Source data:
■ ■ ■ ■ ■ ■ ■
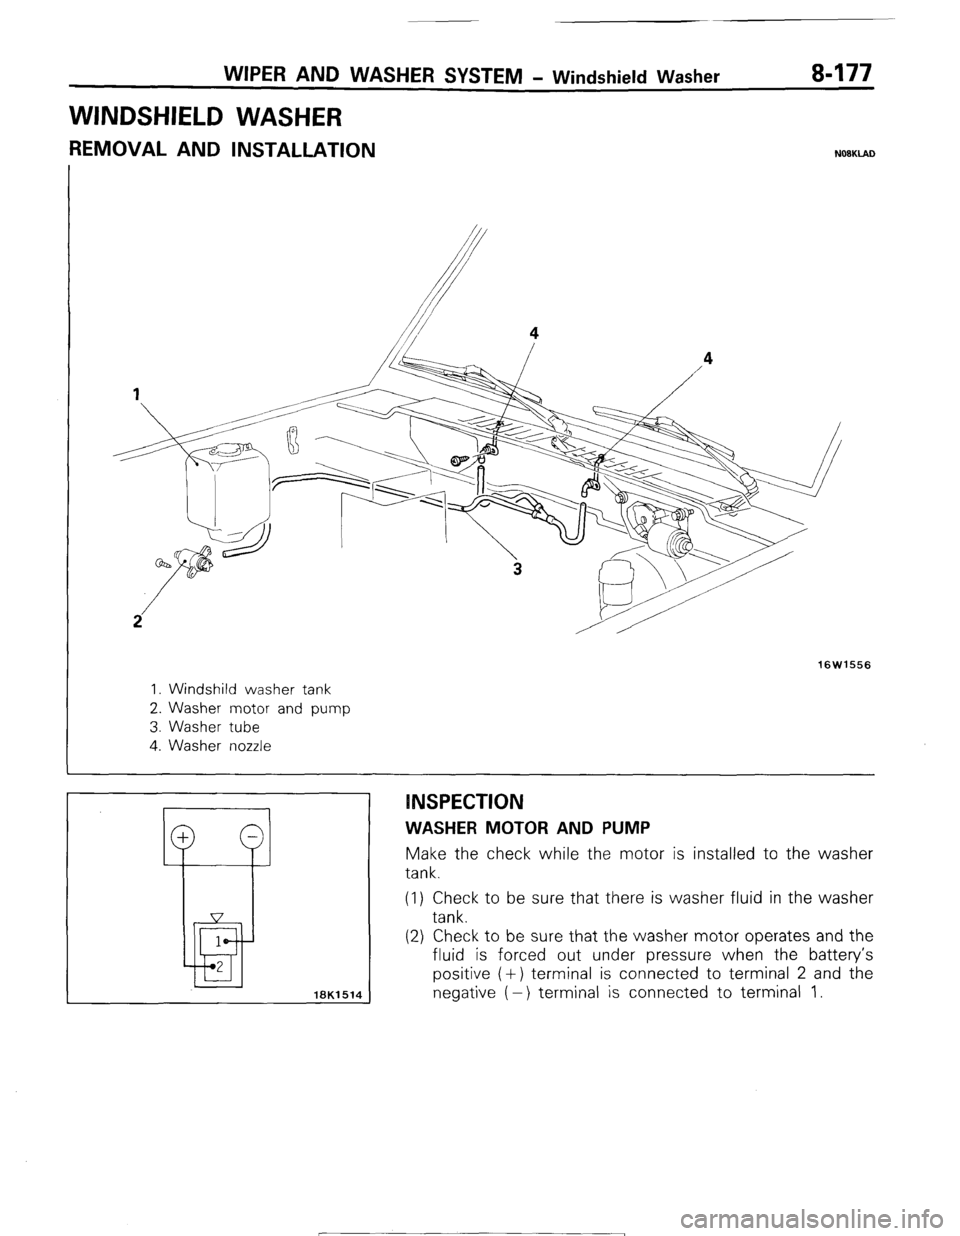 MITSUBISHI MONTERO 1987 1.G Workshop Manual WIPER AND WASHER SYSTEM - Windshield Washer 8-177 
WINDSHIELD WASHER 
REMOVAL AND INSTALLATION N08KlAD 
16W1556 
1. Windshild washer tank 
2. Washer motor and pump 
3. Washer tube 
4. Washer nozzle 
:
■ ■ ■ ■ ■ ■ ■
About this task –
Set down all records verbatim, omitting images.

Solved problem –
 MITSUBISHI MONTERO 1987 1.G Workshop Manual WIPER AND WASHER SYSTEM - Windshield Washer 8-177 
WINDSHIELD WASHER 
REMOVAL AND INSTALLATION N08KlAD 
16W1556 
1. Windshild washer tank 
2. Washer motor and pump 
3. Washer tube 
4. Washer nozzle 
:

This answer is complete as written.